The member-define operator ‘*::’ is the counterpart to variable-define: it only acts upon the member, without affecting any variable that member may target. Its symbol reflects the fact that, if one uses member-define to define a new member, it will indeed create a member of the desired type but it will not bother to create a variable for it: the member will point into the void. So the following code will cause an error:
myNum *:: int
myNum = 5 | will cause an error
which could have been avoided had we written myNum :: int or myNum @:: int between the two lines, in order to construct the integer variable behind the member. It has to be an integer variable in order to be compatible with member myNum’s type.
There are actually 256 operators in the define family, most of which cannot be scripted directly unless we modify the language. See Chapter 4.
Finally, there is another assignment operator called ‘forced-equate’, and given the symbol ‘=!’ or ‘<-!’. While equate copies data between variables whose data structures match or are compatible (e.g. { int, string } to { double, string }), forced equate copies between variables having the same memory storage size. (Having a string in the destination variable makes the storage requirement somewhat elastic.) A forced equate simply takes the data contained in its right-hand argument and stuffs those N bytes in the same order into the left-hand variable, with no restrictions on how the storage space is parceled out within the destination variable.
When forcing an equate from an inlined numeric constant, remember that Cicada interprets constants as either as signed long integers or floating-point doubles, according to the convention described in the earlier section on expressions. So on the author’s old machine where long integers are 4 bytes and doubles are 8 bytes, a =! -4 and a =! 2e5 will copy 4 bytes while a =! 4. and a =! 2e10 will each copy 8 bytes.

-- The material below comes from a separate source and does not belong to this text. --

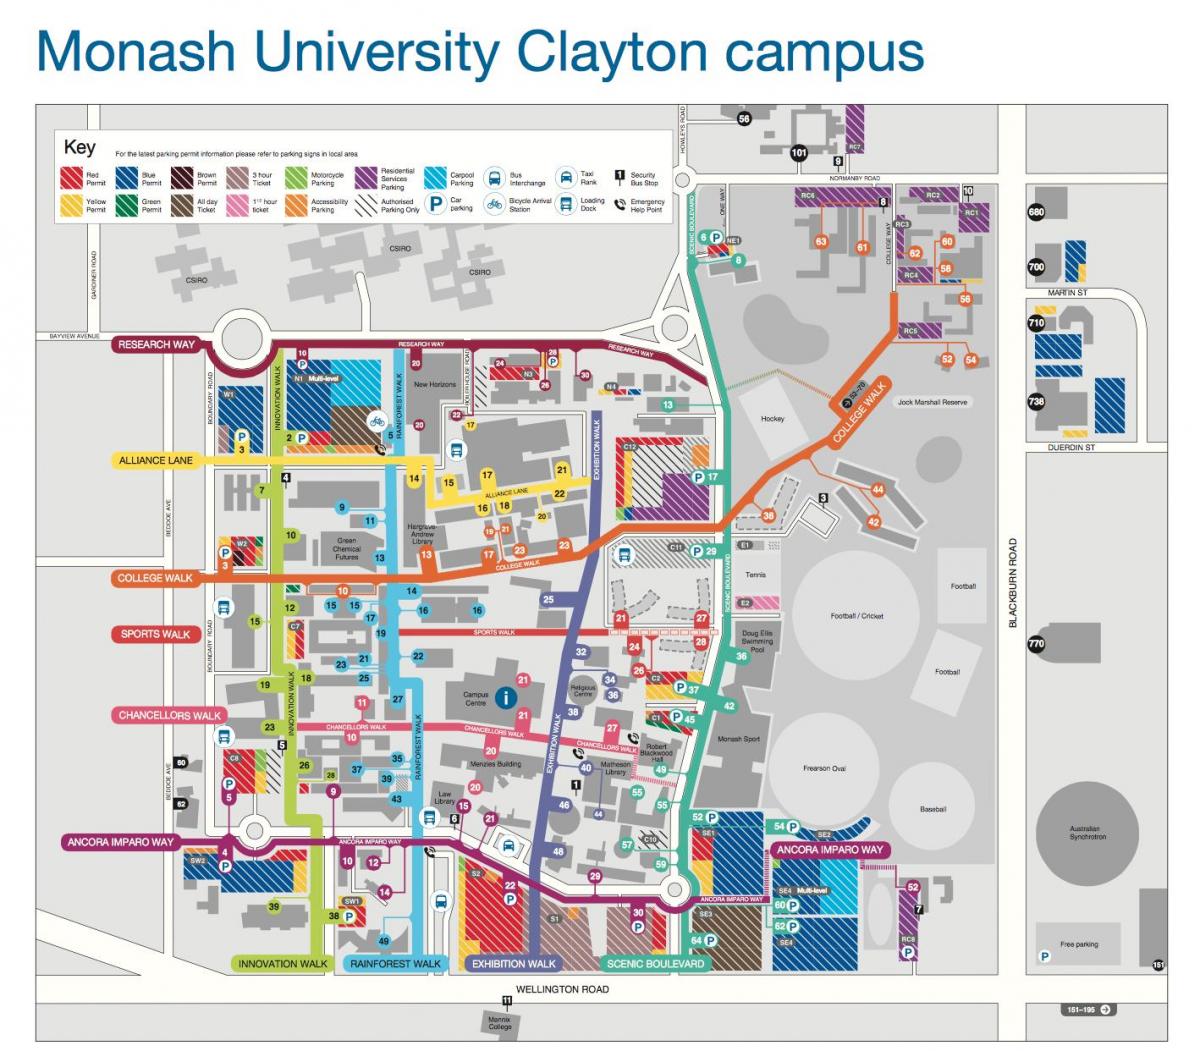 Monash их сургууль Clayton газрын зураг

Here are some examples showing the difference between these two operators:
var1 :: { int, bool }
var2 :: { double, bool }
var3 :: { int, string }
var1 = var2 | OK
var1 = var3 | type-mismatch error
var1 =! var2 | unequal data size error
var1 =! var3 | unequal data size error unless string has 1 character
var3 =! var1 | OK, surprisingly!
The last line works because forced-equate resizes var3’s string as needed to soak up any extra bytes from var1.
Last update: May 8, 2024